Schönes beim 30C3: Hacken als Kunst

Oper für alle, blockierte Funksignale und Pakete für Julian Assange: Beim Kongress des Chaos Computer Clubs ist Hacken nicht nur eine technische Angelegenheit.

Gehackte Ampel? Bild: Witalka / photocase.com

HAMBURG taz | Das Telefon klingelt, eine Stimme aus dem Hörer grüßt: „Hier ist das autonome Operntelefon der Stadt Zürich. Zu Ihrer Freude und Unterhaltung haben wir in der Zürcher Oper eine Wanze platziert. In wenigen Sekunden werden Sie live ins Opernhaus verbunden.“

4.500 zufällig ausgewählte Zürcher Haushalte haben Carmen Weisskopf und Domajgoj Smoljo mit ihren zu Wanzen umgebauten Handys angerufen, die sie im Bühnenbereich der Oper versteckten. „Fünfzig Prozent des Züricher Kulturbudgets gehen an die Oper Zürich“, sagt Carmen Weisskopf, für einen Ort, den nur die Reichen besuchen, fand das Künstlerduo das Budget zu hoch und wollte die Veranstaltungen mit mehr Menschen teilen.

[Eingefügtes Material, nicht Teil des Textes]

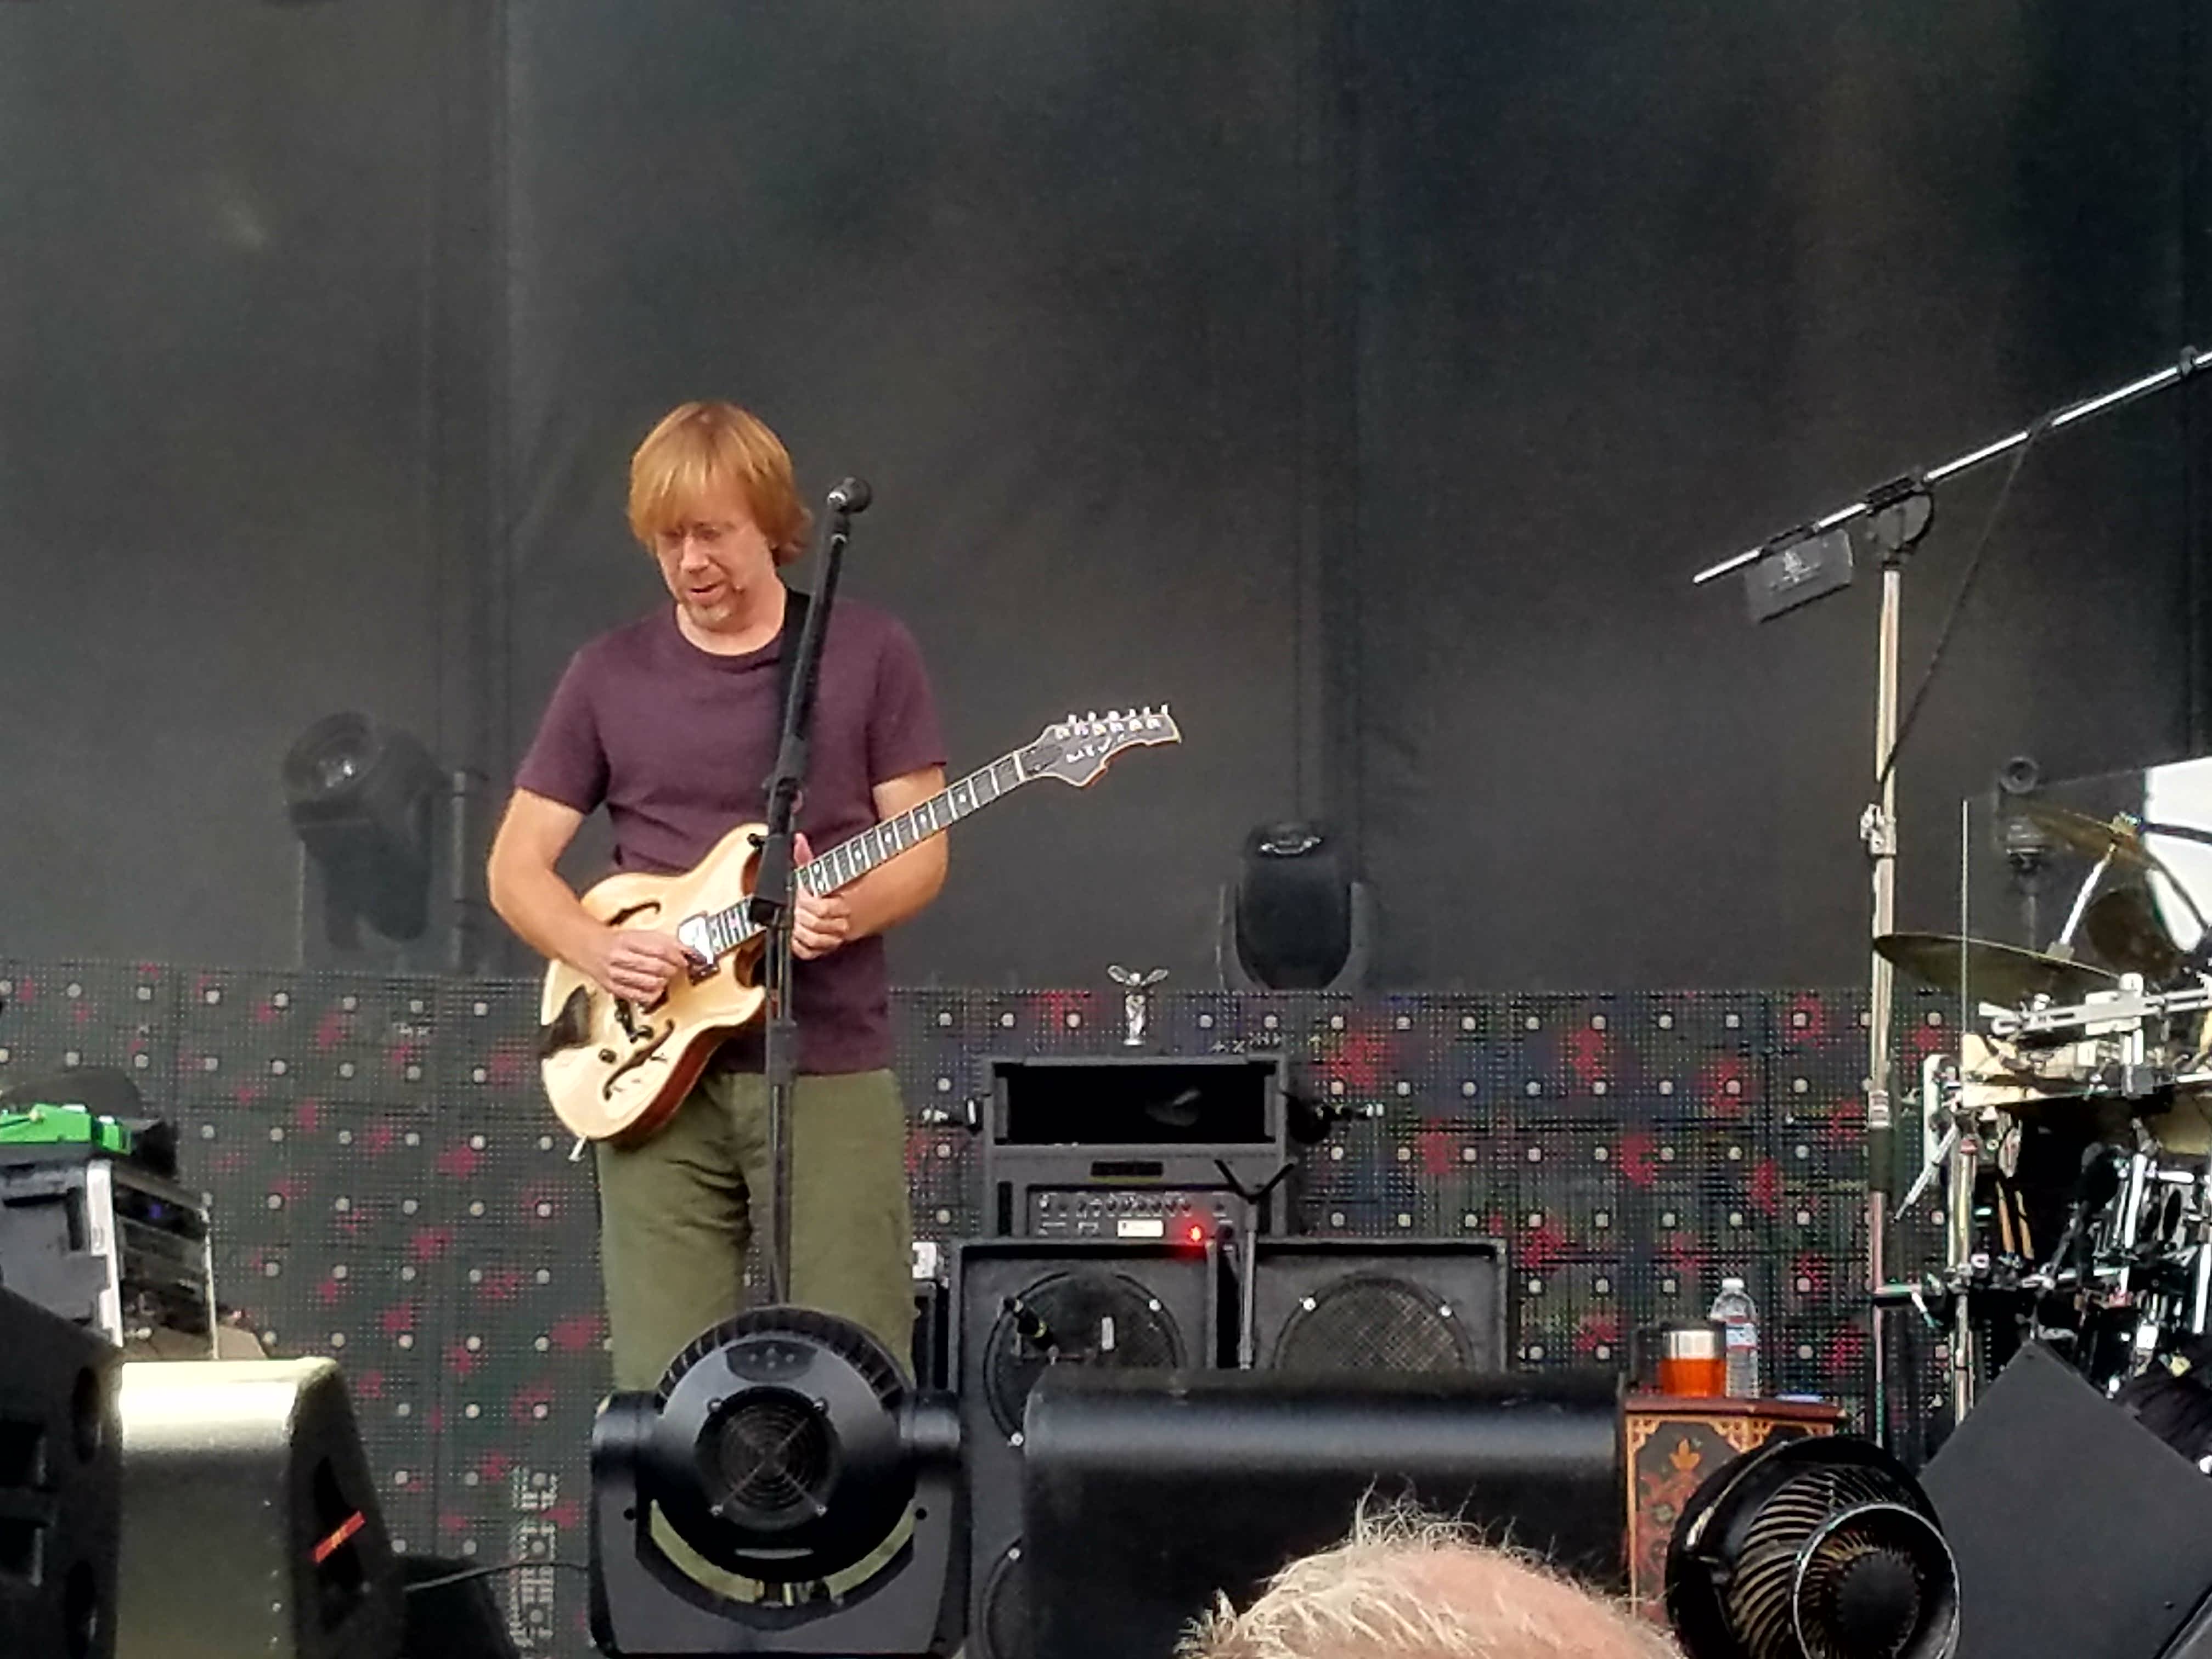 Trey at the Gorge 2016

Sie haben das Opernhaus gehackt.

„ha|cken, schwaches Verb, durch geschicktes Ausprobieren und Anwenden verschiedener Computerprogramme unberechtigt in andere Computersysteme eindringen“, definiert der Duden das Verb „hacken“. Auf dem Kongress des Chaos Computer Club 30C3, ist das Hacken längst in andere Lebensbereiche eingedrungen. Vortragende berichten von Lockpicking, dem Aufbrechen von Schlössern, Mindhacking, dem Konsumieren von Drogen oder eben dem Hacken als Kunstform, wie das Schweizer Duo Weisskopf und Smoljo, die Mediengruppe Bitnik, im Jahr 2007.

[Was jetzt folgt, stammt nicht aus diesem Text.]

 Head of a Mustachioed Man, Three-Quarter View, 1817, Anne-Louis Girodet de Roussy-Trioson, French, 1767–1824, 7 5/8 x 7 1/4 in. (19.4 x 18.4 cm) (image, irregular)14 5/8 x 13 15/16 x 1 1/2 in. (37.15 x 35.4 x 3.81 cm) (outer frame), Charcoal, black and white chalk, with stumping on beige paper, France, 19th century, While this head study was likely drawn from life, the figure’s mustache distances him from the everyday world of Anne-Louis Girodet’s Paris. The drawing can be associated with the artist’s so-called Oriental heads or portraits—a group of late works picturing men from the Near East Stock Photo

Alle Veranstaltung der Kategorie „Art and Beauty“ gibt es im Programm des 30C3. Nachzusehen sind sie auf dem Youtube-Kanal des Kongresses in deutscher und englischer Sprache.

Auch der Künstler Julian Oliver arbeitet mit Telefonen, aber mit solchen, die nicht ihm gehören. Mit seinen Objekten blockiert der in Berlin lebende Neuseeländer Funksignale oder liest Datenverkehr wie unverschlüsselte Emails mit. Die Technik funktioniert nur in einem begrenzten Umkreis. So kann der Spielzeugpanzer „No Network“, die Funksignale nur in einem Umkreis von 15 Metern stören.

„Jedes Kunstwerk entspricht seiner Zeit“, sagt Julian Oliver. Und zu dieser Zeit gehöre konstruierte Infrastruktur wie die Börse, Geldautomaten, Supermärkte, Kühlschränke. Und eben auch die Kommunikation mit Telefonen und Internet. „Lasst uns diese Technik kritisch benutzen“, fordert er während seines Vortrags die Teilnehmer des 30C3 auf.

„Wir nehmen den systematischen Blick des Hackings und wenden ihn nicht technisch, sondern auf die Gesellschaft an“, sagt Domajgoj Smoljo der taz. „Wie beim Hacking suchen auch wir die Schwachstellen“.

Nachdem die Gruppe mit „Delivery for Mr Assange“ Julian Assange ein Paket mit Kamera und GPS-Sender schickte, das alle 15 Sekunden ein Foto sendete und live via Stream zu verfolgen war, versucht Bitnik in ihrem aktuellen Projekt ebenfalls ein Paket zu versenden – aus der ecuadorianischen Botschaft in London von Assange an den Menschenrechtsaktivisten Nabeel Rajab in Bahrain. Assange erhielt innerhalb von 32 Stunden das Päckchen. Das Paket an Rajab verschwand hingegen zwei Mal in Dubai. Im nächsten Jahr will sich das Künstlerduo mit dem Darknet beschäftigen, Details verraten sie noch nicht.